In the middle of the room was a little reading area, easy chairs and a couch around a coffee table littered with upper-tier girlie magazines, plus Sports Illustrated, Ring, Variety, and various boating periodicals. No TV had been installed in the second floor clubroom—anybody wanting to watch sports could join the kiddies downstairs. No radio either—if you wanted to keep track of the horses, go to a fuckin' bookie joint already. There was, however, continuous music, soft but easily discerned, Italian crooners singing hits of the forties and fifties.
No disco allowed on the second floor either.

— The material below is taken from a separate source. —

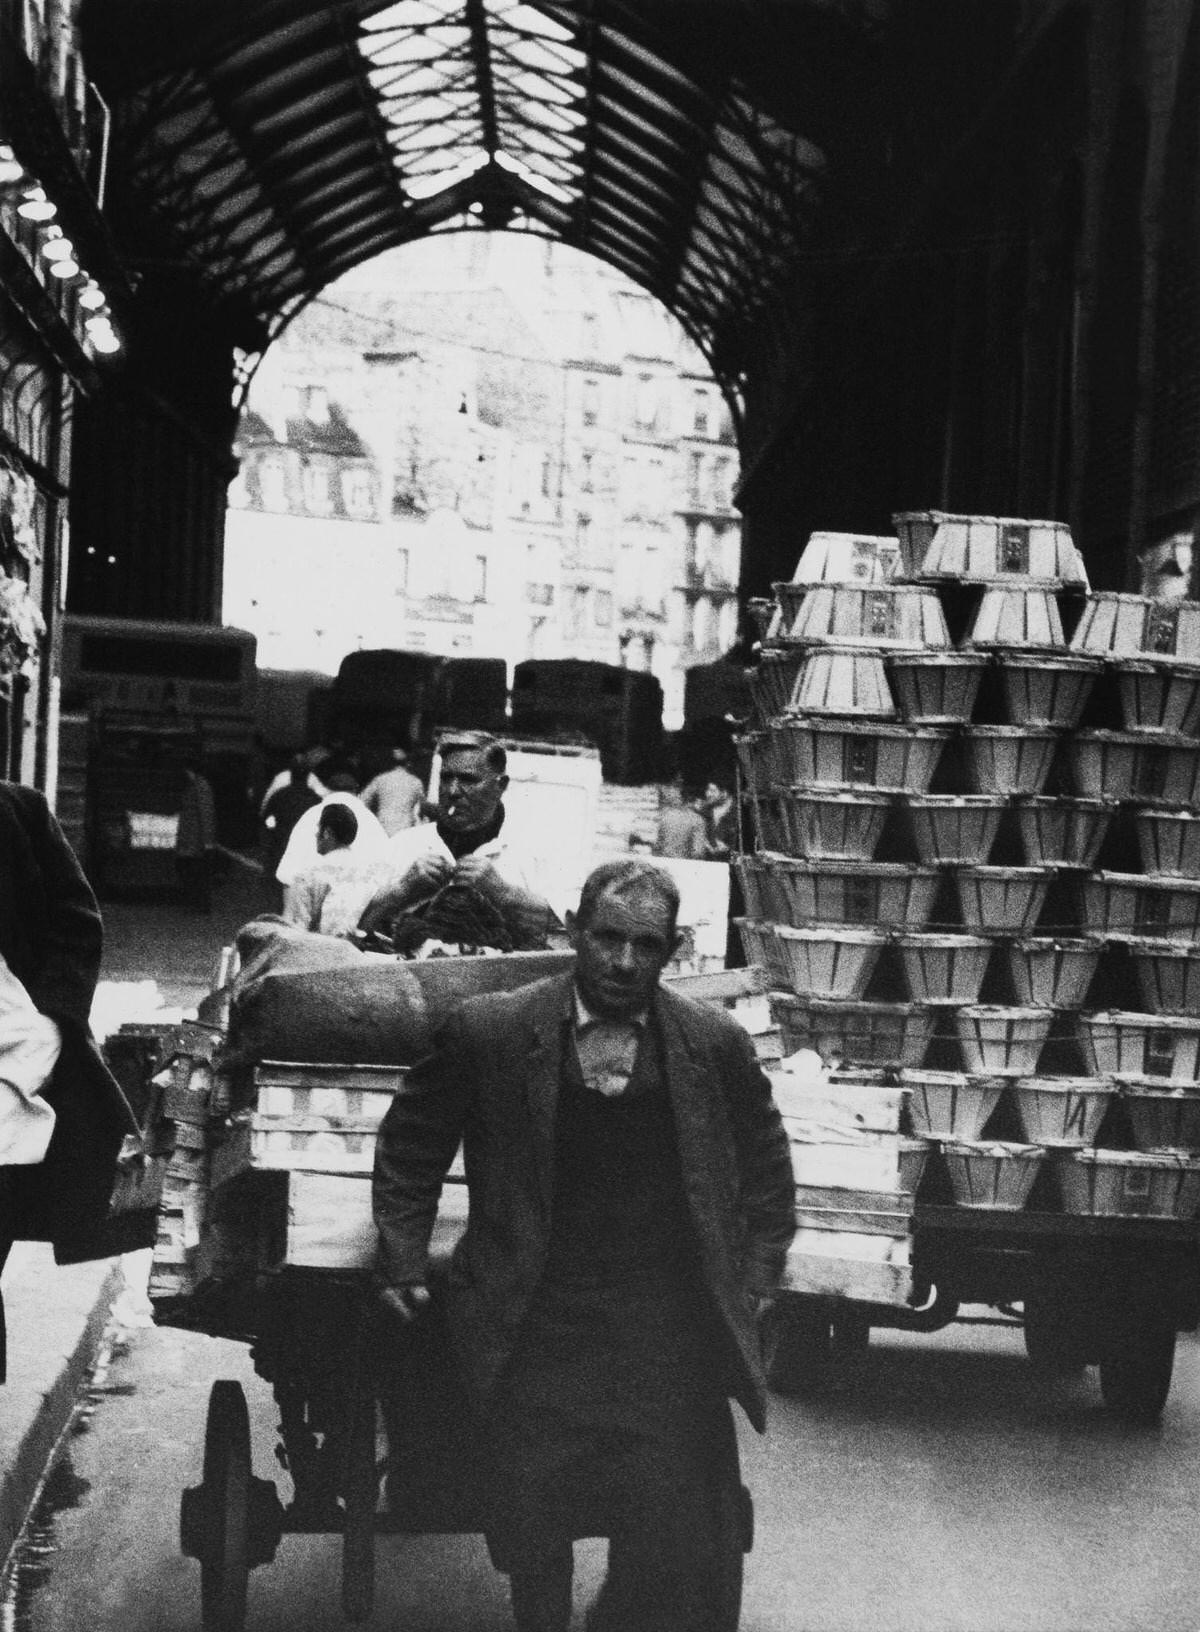 The Goods Arrival, Les Halles, 1960s

On the third floor were the suites. Each one had a living room with TV and wet bar, a well-appointed bedroom, and a luxurious bath with a large hot tub. There were three such suites, used by important out-of-town guests and by various members who wanted a little overnight getaway from the wife and kids. A larger fourth suite, however, belonged to the master of the brick castle.
This was Alberto Bonetti's home away from home.
As a kid, he and his gang holed up in the cellar under Poco's papa's saloon, and as long as they never messed with the old man's beer barrels or raised too much hell, he let them alone. Now Alberto had a mansion on Long Island, where his alcoholic wife lived in luxury and despair over the demise of Sal and the lack of visits from their married daughter, who had publicly disowned them, and the lawyer son who had put a continent between him and the family whose money had paid for his deluxe schooling. And Alberto was only around on the occasional weekend.